Should Be Experts

The Covenant of Christ is both very simple and very hard. Submission to Christ as Covenant Sovereign is simply outside western experience, so it’s very hard. Yet the concept is rather simple, as is His command that we love each other as He does. That points to the Cross, the death of our fleshly natures. The implementation of that gets complicated real fast.

Believers in community should be the world’s experts at living in tension. There is absolutely nothing churches must accomplish. Nothing in Scripture requires us to build up large organizations with substantial investments in real estate and facilities. There’s nothing in Scripture about increasing budgets.

Indeed, the whole concept of budgeted giving is alien to Scripture. It’s nothing more than a taxman’s approach to coercing contributions through browbeating and manipulation. In the Old Testament, the only thing on which one tithed was agricultural production. Cash earnings were not tithed. The general principle is that you gave voluntarily “from the increase” — a concept itself arising from agriculture. If the Lord prospers you, then you honor Him. If He does not prosper you, then the issue is not giving, but finding out what He requires for restoring His favor.

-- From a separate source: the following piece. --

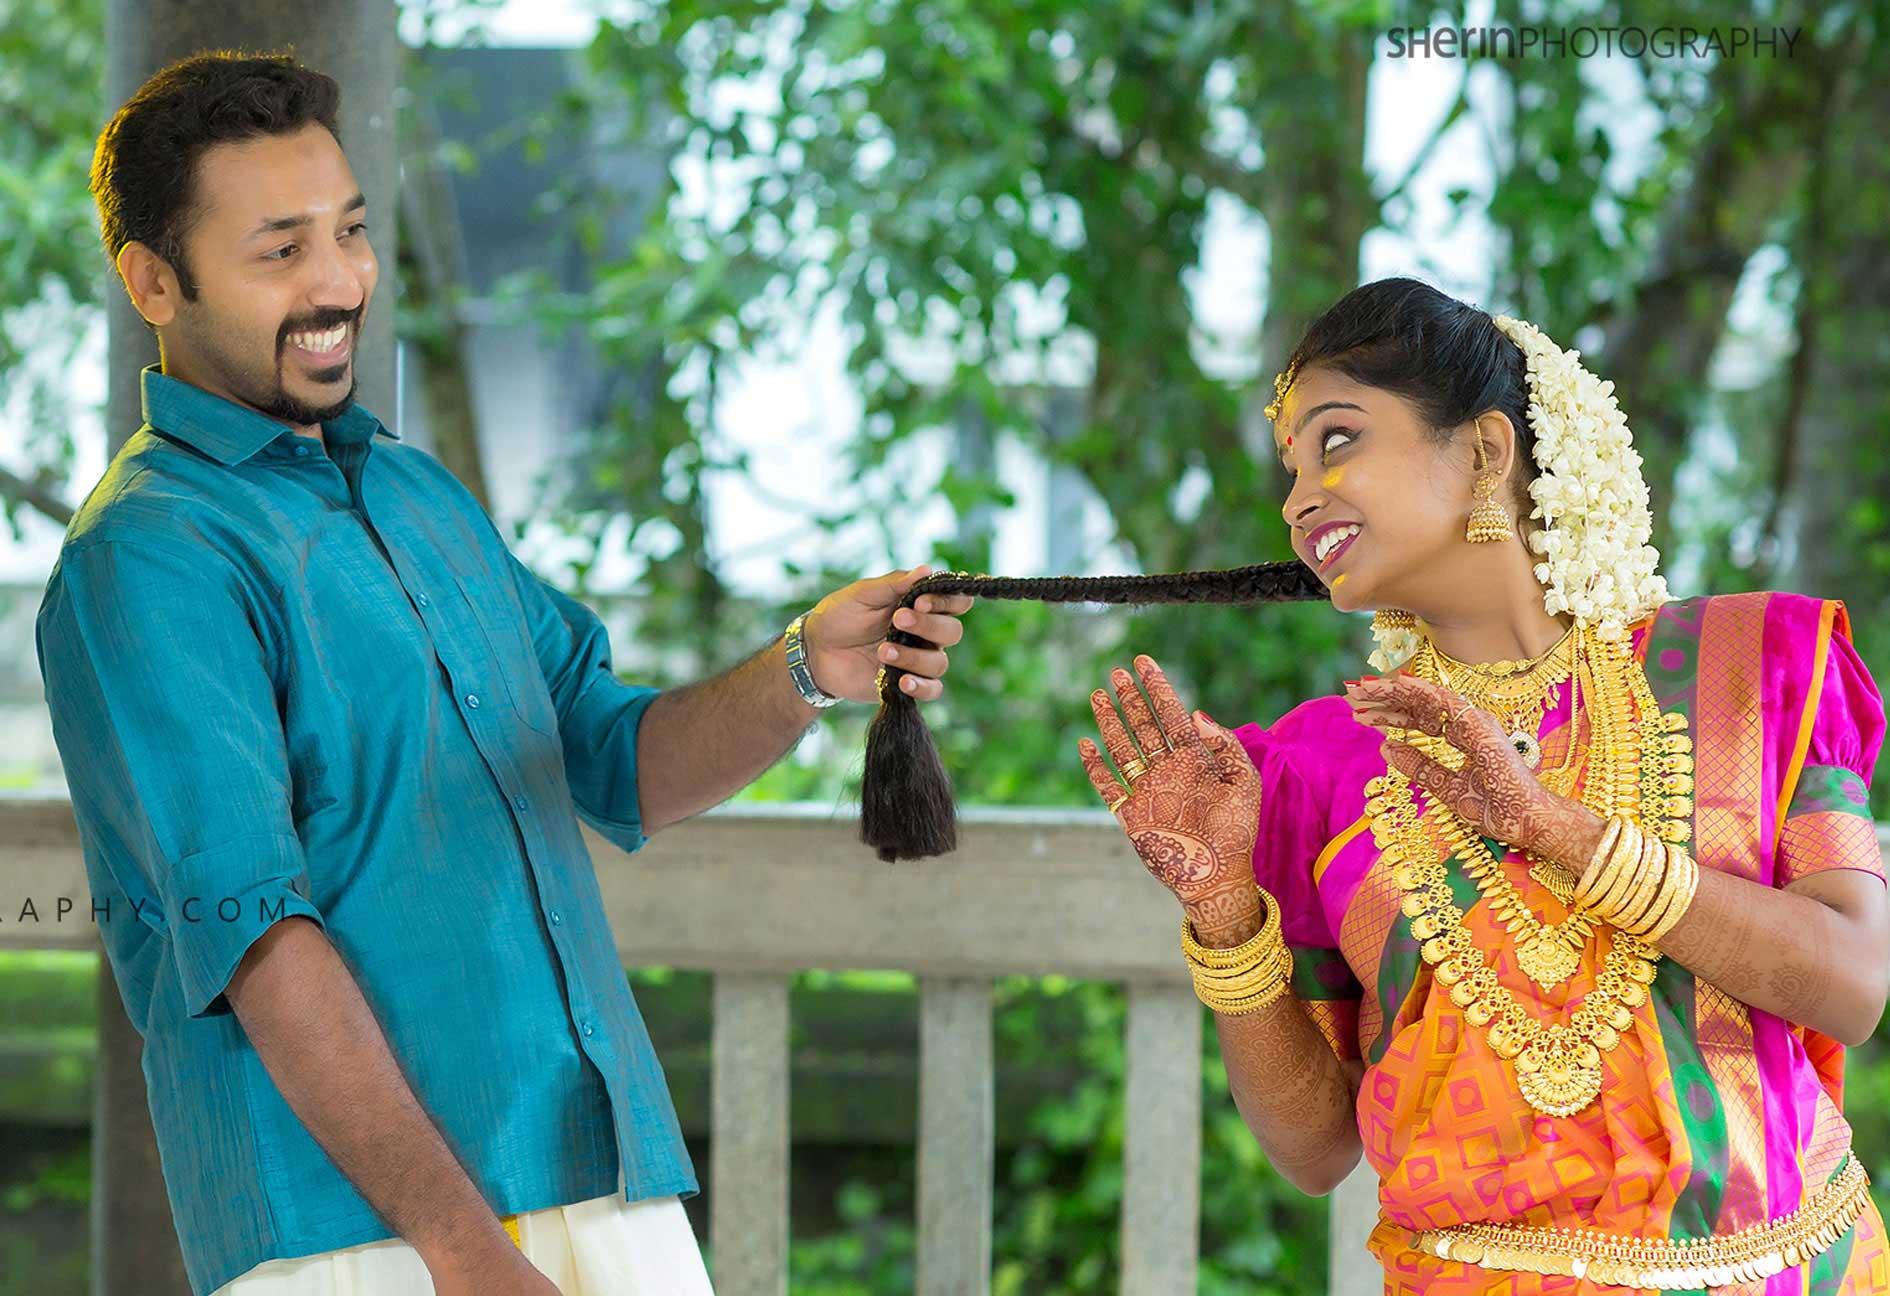 Kerala wedding photography - Kerala Wedding Photography

Notice something: People who experience the power of the Holy Spirit of God always share freely. It’s part of the humility and love that His Presence evokes. It never fails. The giving itself is way more important than the resulting church budget. The inherent worldliness of the current common budgeting system in churches is scandalous, an embarrassment to the Lord’s name. At no point should anyone ever even think about, “How can we increase offerings?”

Again, it’s not about institutional growth; it’s about the depth of moral and spiritual development of the people involved. The whole task of any church is building love between each other. The reason the New Testament churches didn’t have denominations was not because they were all of one doctrine. It was because they knew that being together was the whole point, not some imaginary orthodoxy. There was a flexibility about what people believed.

Yes, Paul addressed factions within the body, but was quite willing to simply let people go when their distinctions disrupted the community. There are things you don’t transgress; most of the Old Covenant based on violating underlying moral truth inherent in Creation itself. If you ignore those boundaries, you are fighting reality itself.

The First Century Christians had a much stronger conceptual distinction between doctrine and theology. Doctrine means understanding what Christ taught without intellectual embellishment. Some questions will never be answered to our satisfaction. This is why our Radix Fidem community works so hard at recovering the Hebrew mindset of Jesus and His disciples. The fundamental assumptions of ancient Hebrew people were radically different from those of Americans today. We keep demanding definitions that they never would have dared to ask. The question was never a matter of what’s in your head, but what’s in your heart.

That job is hard enough without complicating it with analytical structuring so common in the West. We don’t need precise intellectual definitions; we need guidance in the one and only task of living in harmony with each other. An awful lot of biblical doctrine leaves intellectual questions hanging by design. Feel free to organize it internally so that you can implement the requirements. Just keep in mind that your internal rational considerations may not work for someone else. There is no need for uniformity in some questions.

Under the cover of intellectual organization is the awful temptation to take yourself and your talents too seriously. You must learn to live with the irritation of something seeming to you so crystal clear and reasonable, while it doesn’t work for someone you are obliged to work with in keeping community alive. People can embrace you without accepting your reasoning; it’s not a rejection of you.

Your church should not be an institution organized to accomplish concrete goals. A church does not require the kind of formal order needed for businesses to profit. Church is a family household, including people who are born sometimes very different from you. The mandate is to care for them the way households are morally obliged to handle varied temperaments and drives. Moment by moment, you must keep alive the kind of negotiated peace that allows kids to thrive and develop into functioning members of the household community.

And their only function is living together in the peace of God. Yes, there are boundaries and exclusions. The atmosphere should encourage people to play along until they simply cannot. This should be paramount in the minds of the elders and pastors. Don’t follow leaders who cannot get that. Shepherds are the folk with some expertise on keeping the flock healthy as a whole.